I suspect it doesn't support dictionary compression yet, but it might be expandable, given that it's designed to link to system's dynamic library where Dictionary compression API has been stable for a while now.

_edit : list of javascript / node.js ports and bindings has been updated on Zstandard's homepage.

Cyan4973 avatar Jul 09 '22 23:07 Cyan4973

Thanks for the prompt reply!

I came across simple-zstd before, but I think there may be some fundamental problems with it:

  • a confusing API compared to other libraries where encode / decode on buffer like data is a lot more straight forward
  • no dictionary support (apparently)
  • the overhead involved with creating / destroying a child process for each conversion

in total, it seems that simple-zstd was more designed for compressing / decompressing (large) files.

I didn't run my own benchmark yet, but I suppose it wouldn't perform so well with lots of small data in the 1KB range, because of the child process overhead. There would have to be some sort of pool of processes that get reused or something.

I still believe the most compelling use case for zstd where it can really shine againt other compression algorithms is for compressing database entries, for example json like entries in Redis, MongoDB etc, especially in conjunction with dictionary support that can be trained on the datastructures. While there is some options like zstd-codec that work very well, sadly there performance is not in the same ballpark yet as Snappy for Node.js - which is also an important point in usage with databases, since latency is crucial.

Awendel avatar Jul 10 '22 09:07 Awendel

You are correct on all points, when I built the library I was just addressing my use case for large files and the stream interface was the logical interface.

I would be concerned about the child process overhead for your use case as well. A pool of pre-spawned instances might be easy enough to implement. In addition, dictionary support could be added and the encode decode support would just be an extension of the current implementation. If you are willing to test/benchmark I would be happy to take a swing at adding those features to the library.

Stieneee avatar Jul 10 '22 20:07 Stieneee

Sounds like a great idea and I'm definitely ready to test and benchmark.

The theoretical structure of the project and all is extremely promising once properly implemented, it could become the defacto Node js standard for zstd, also since it is not tied to a specific release, so very future proof.

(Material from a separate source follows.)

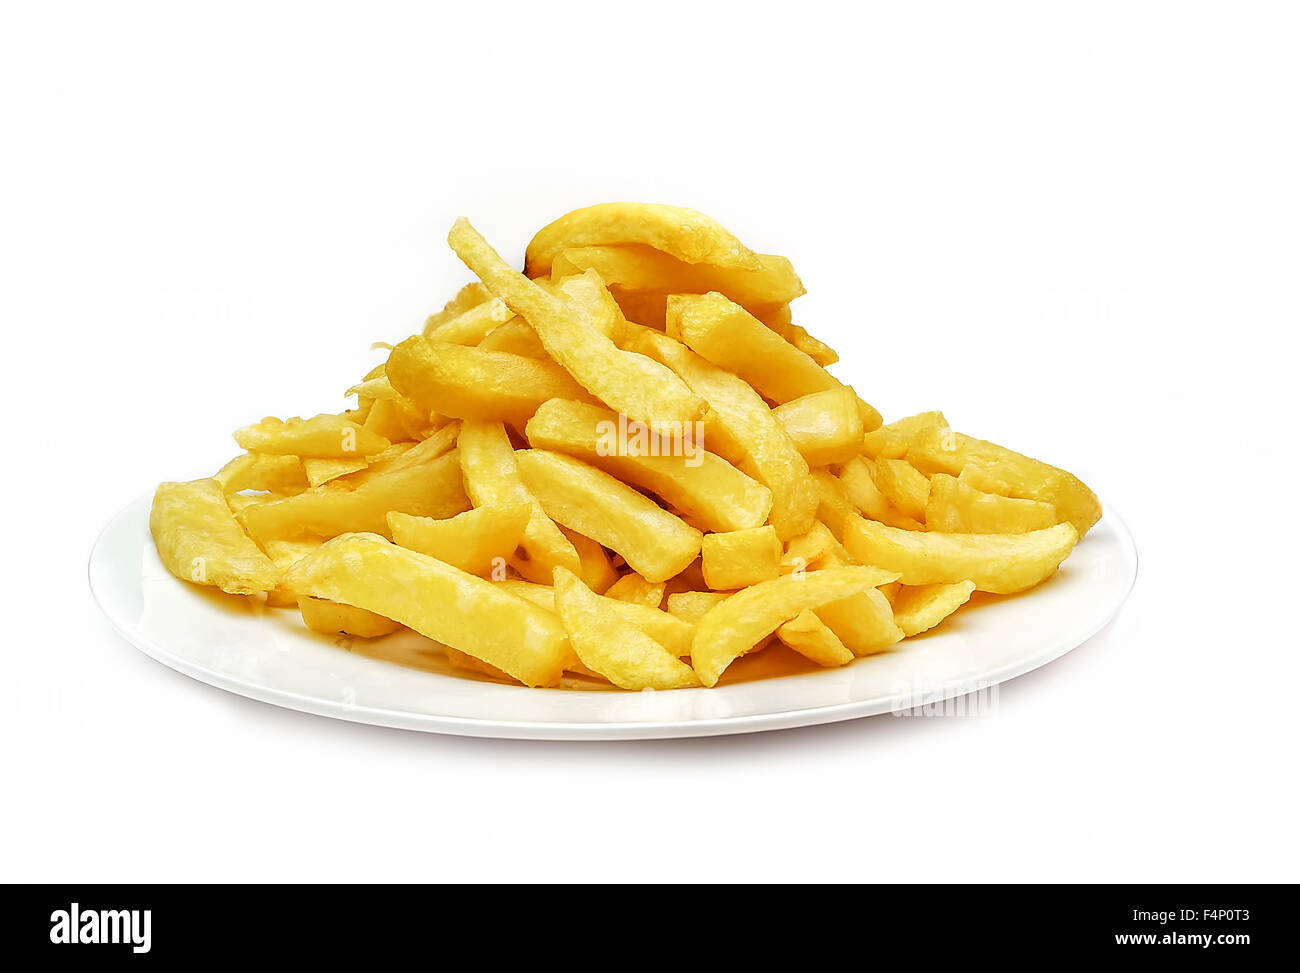 Kartoffelchips auf weißem Teller Studioaufnahme Stockfoto

In terms of the dictionary API, one could make it class / constructor based and essentially passing on the dictionary buffer at construction and perhaps the amount of internal child processes for the pool.

Similar to for how for the C Api it is recommended to load the buffer once and then reuse the loaded up dictionary instead of reparsing it on every compress invocation, which is computationally expensive.

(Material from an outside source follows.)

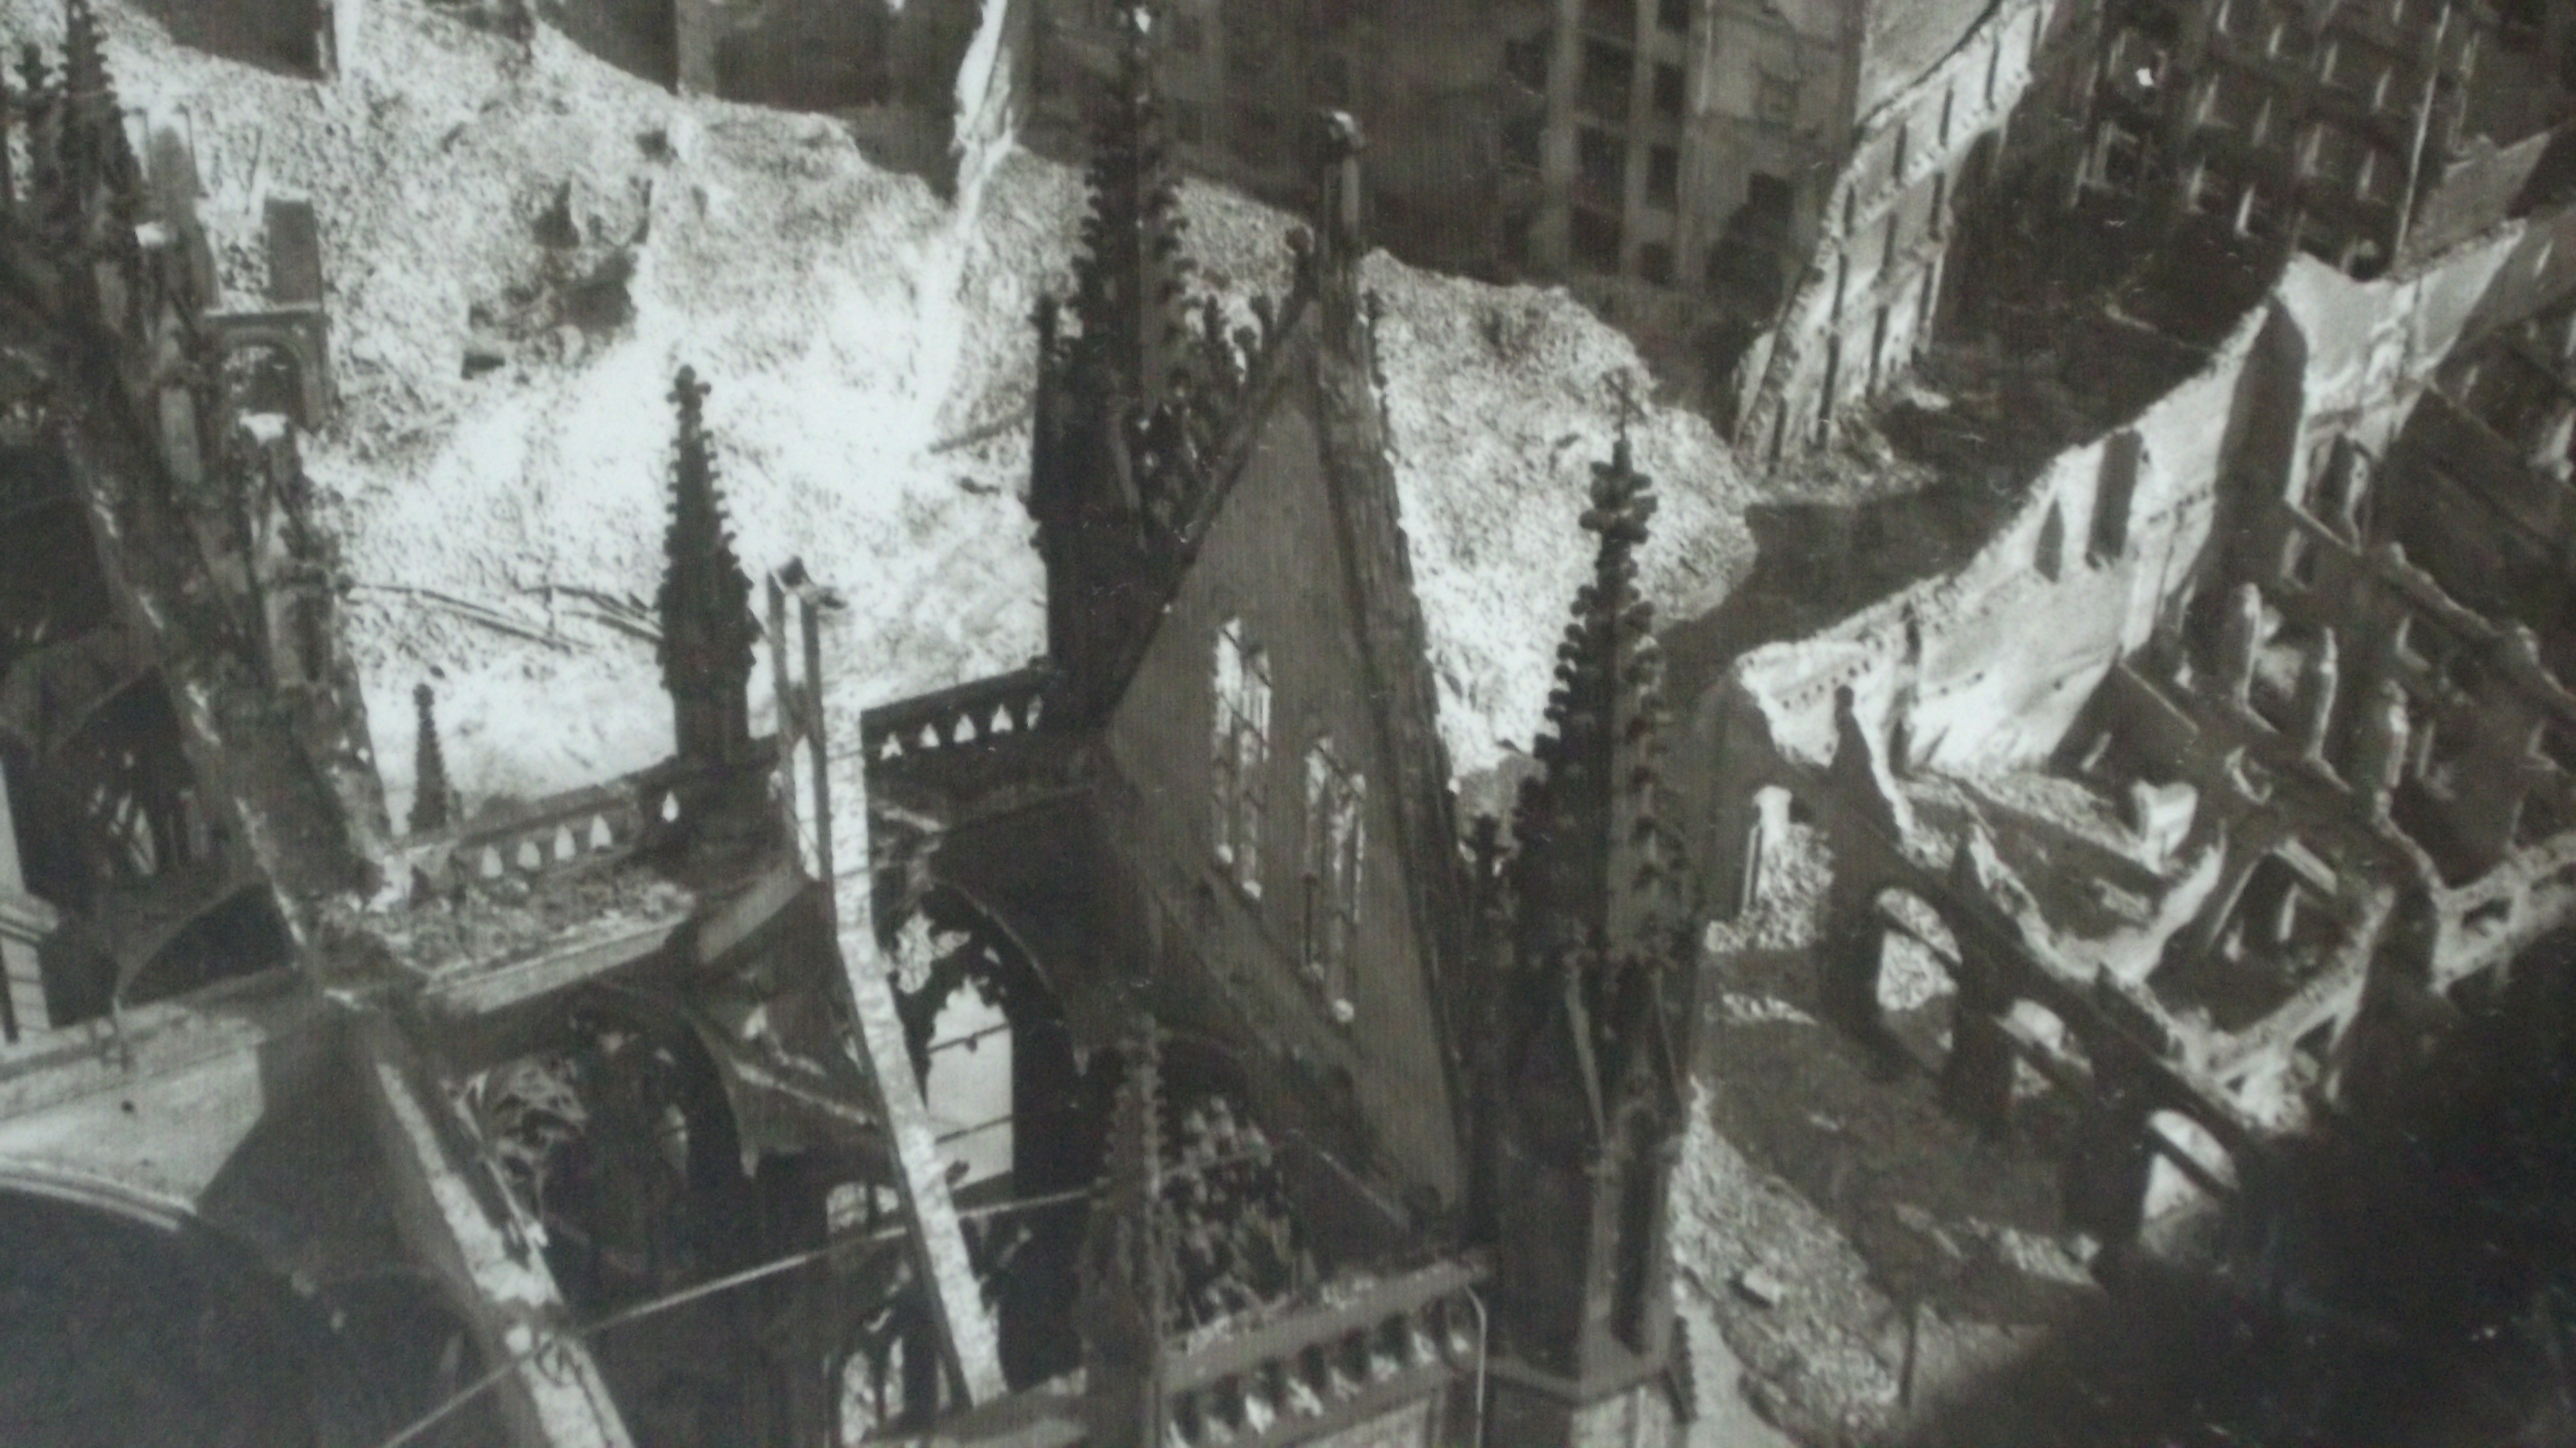 Nikolaikirche nach dem Krieg als Ruine

Awendel avatar Jul 10 '22 22:07 Awendel

So far this discussion has only touched on two vastly different approaches, each with their own drawbacks:

  1. Compile zstd to webassembly. Necessary for browser support, but makes it awkward to use in NodeJS and as you found out the performance is not stellar.
  2. Call out to a child process. You already mentioned some of the drawbacks, but another drawback is simply that it relies on a system installed zstd binary. This means you can't easily support multiple different versions of zstd, and requires an explicit installation step rather than relying on node's dependency management. This is probably workable for applications, but as a library author that would like to use zstd, it's not great.
  3. This wasn't mentioned yet, but you could also attempt to port zstd to JS, but that comes with a huge maintenance burden and you'll likely have the same or worse performance as the webassembly approach.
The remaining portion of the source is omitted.